Exercise description:
Return all of the data exactly as written, without the pictures.

Input data:
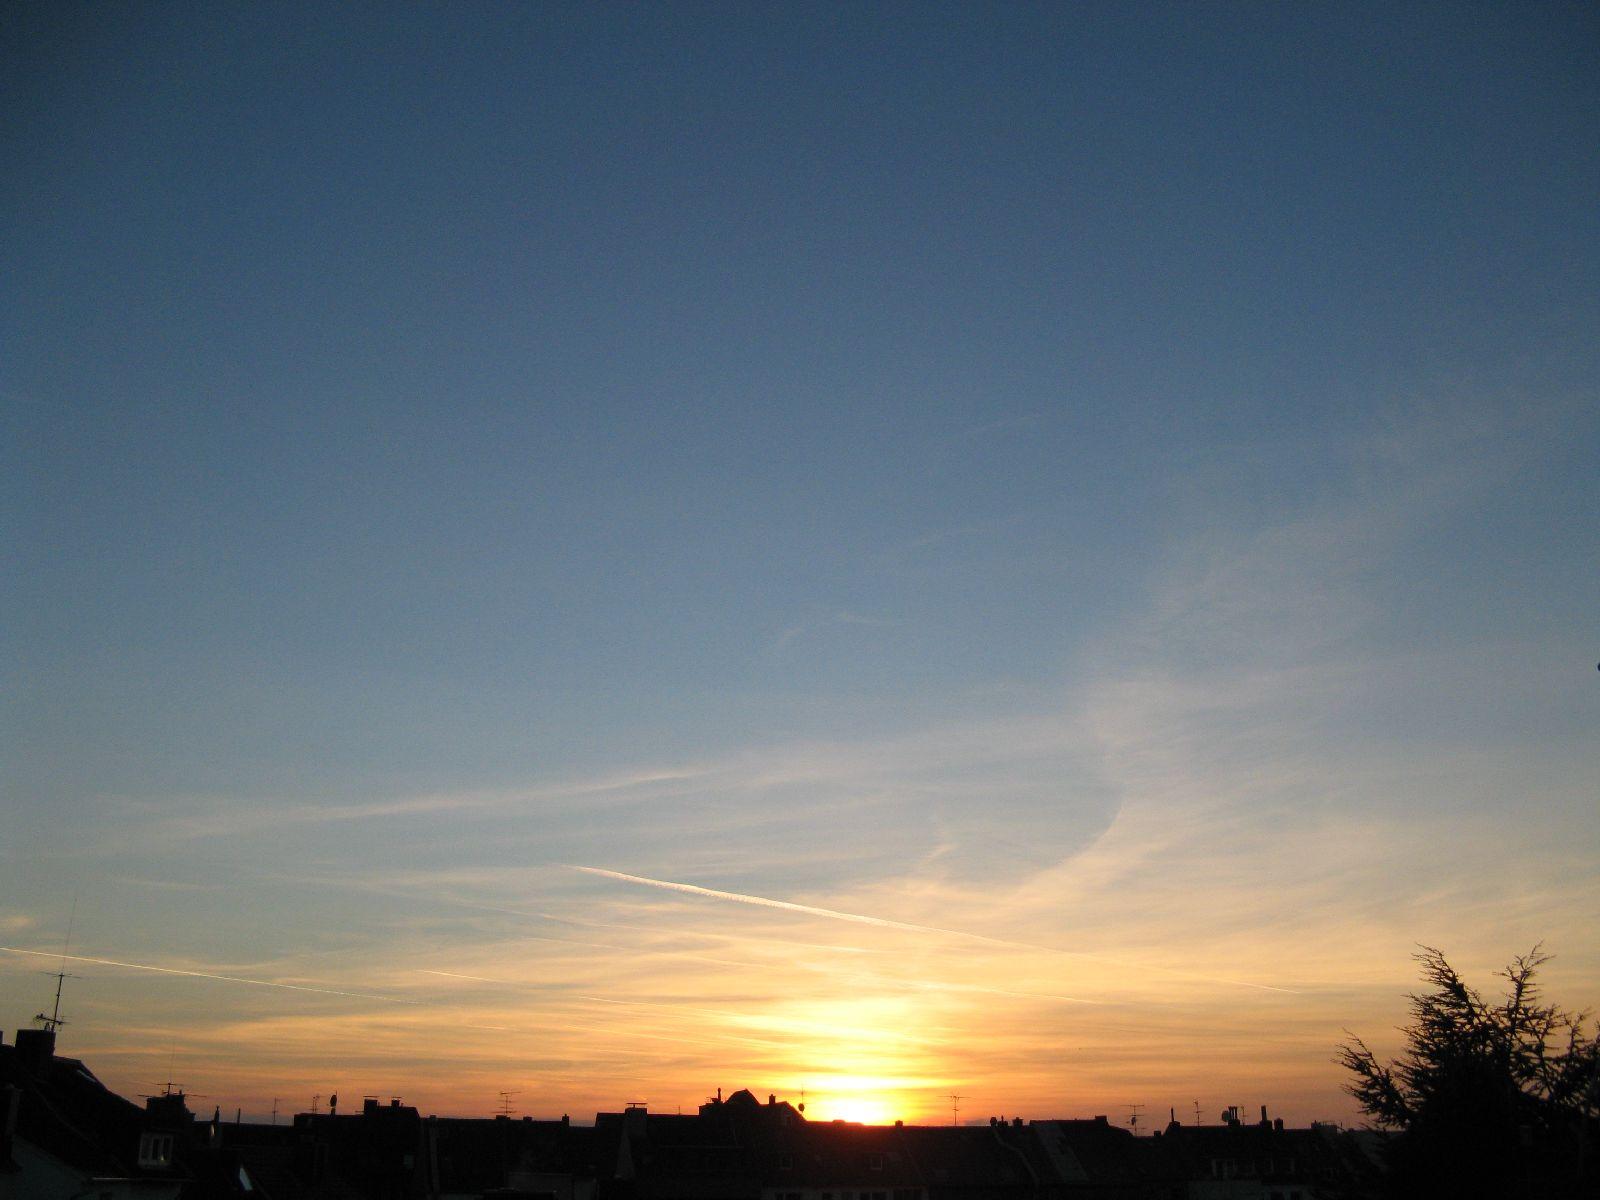 Himmel-Wolken-Foto_Textur_B_3392
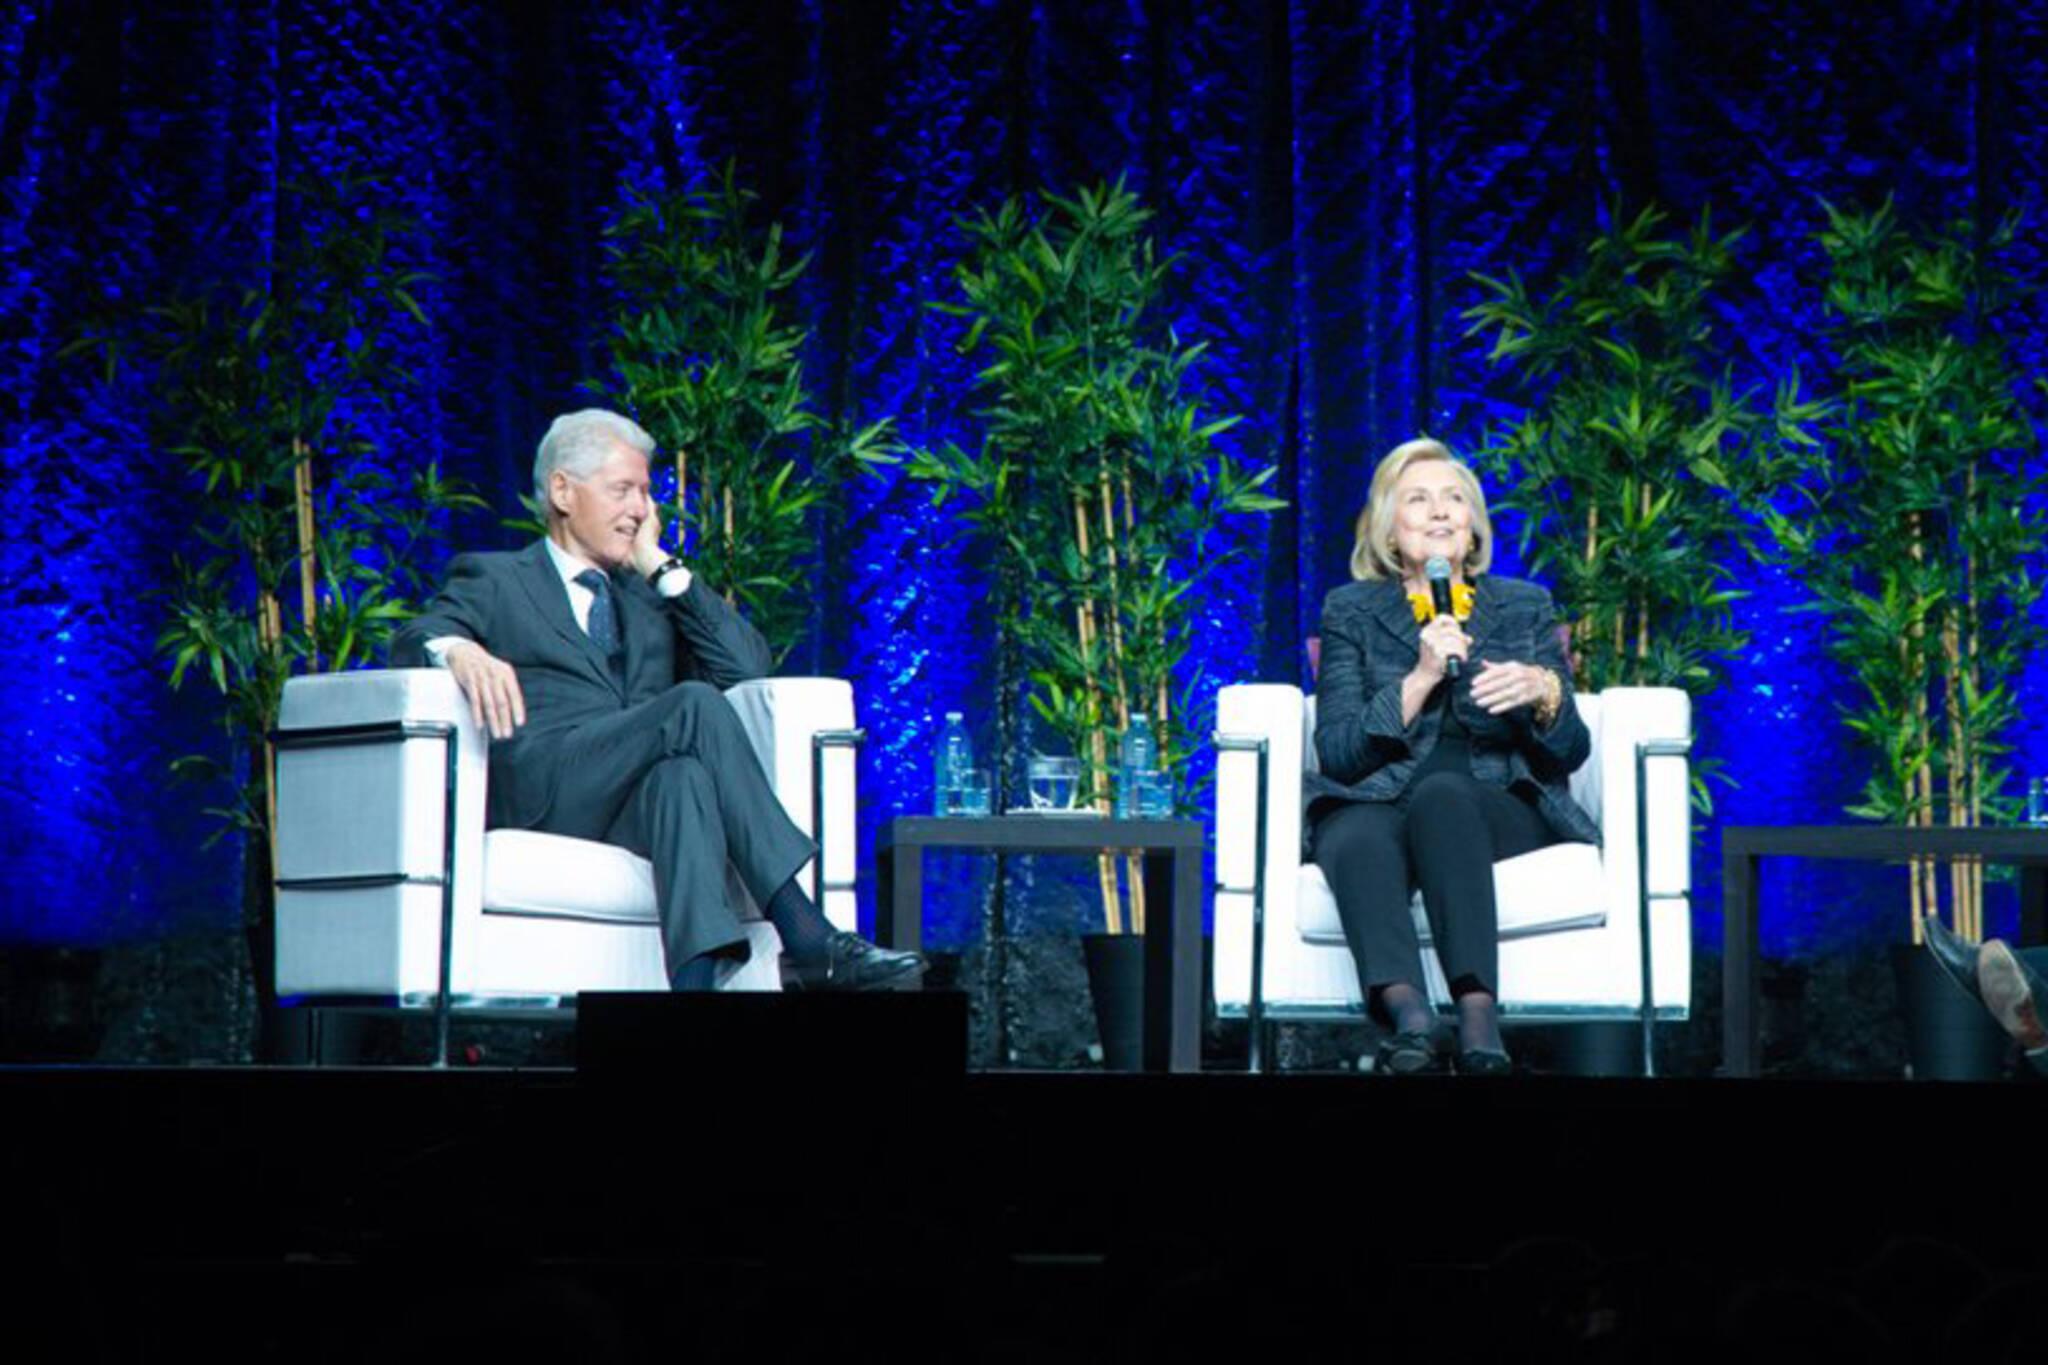 Bill Hillary Clinton Toronto
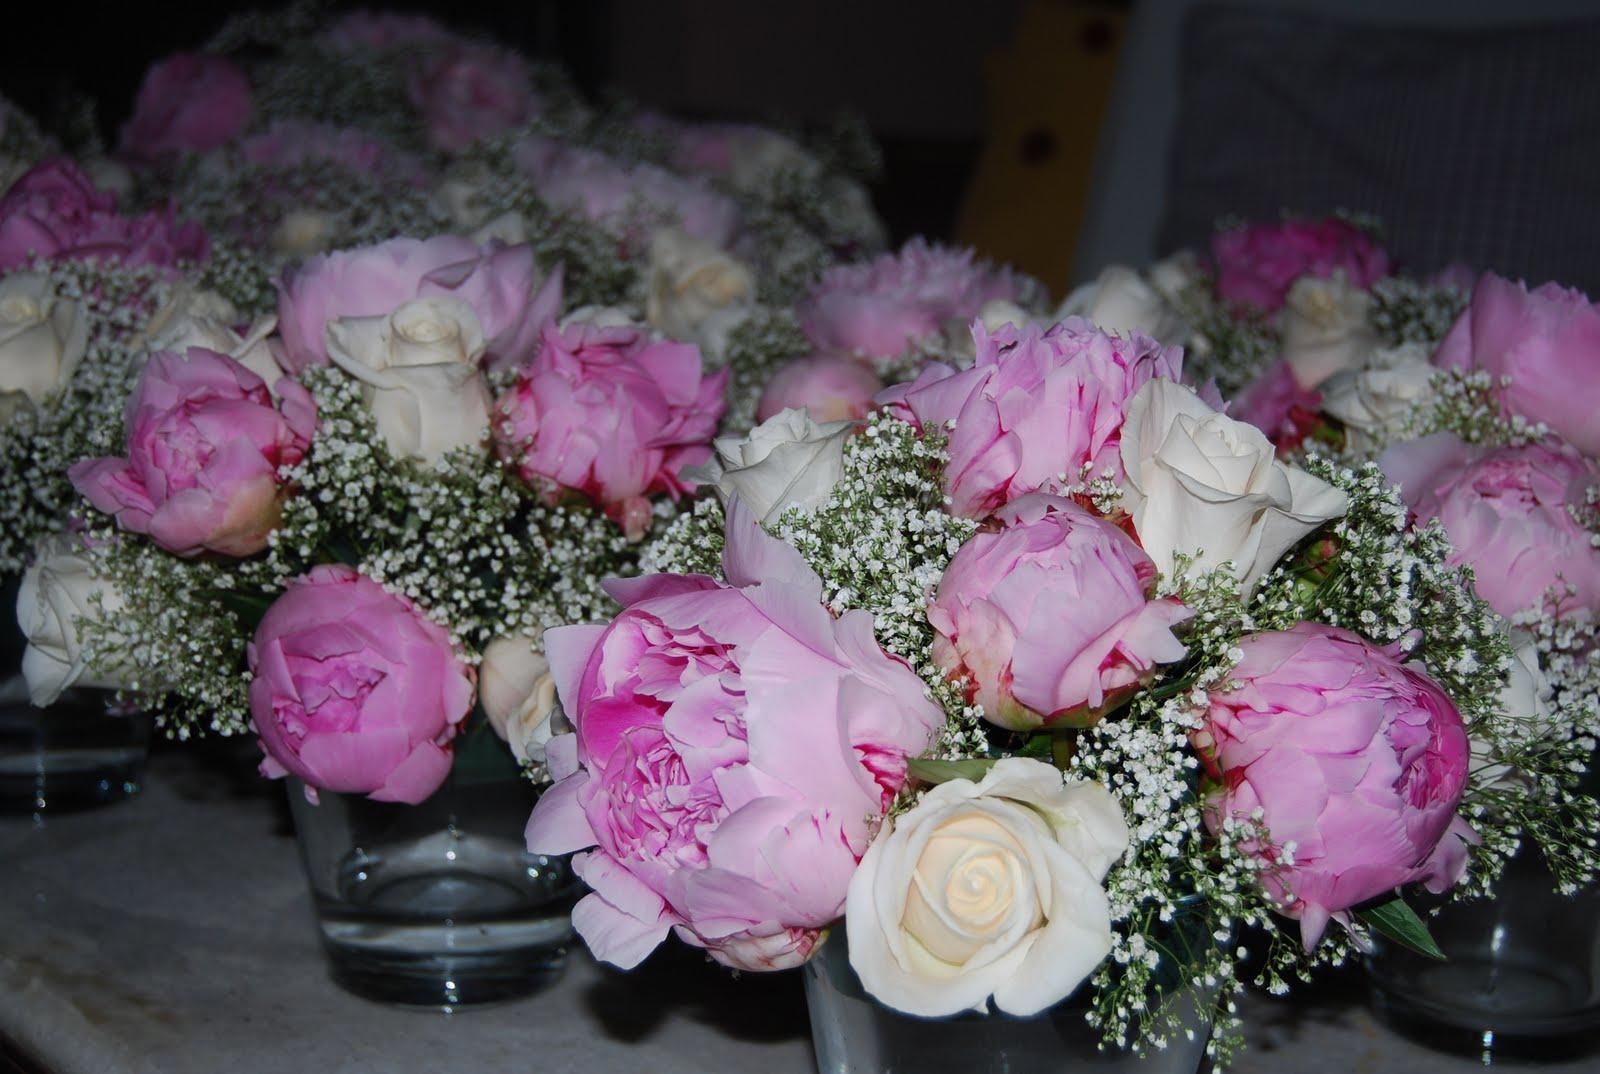 Delipapel: Centros de mesa de flores

Task solution:
 Himmel-Wolken-Foto_Textur_B_3392
 Bill Hillary Clinton Toronto
 Delipapel: Centros de mesa de flores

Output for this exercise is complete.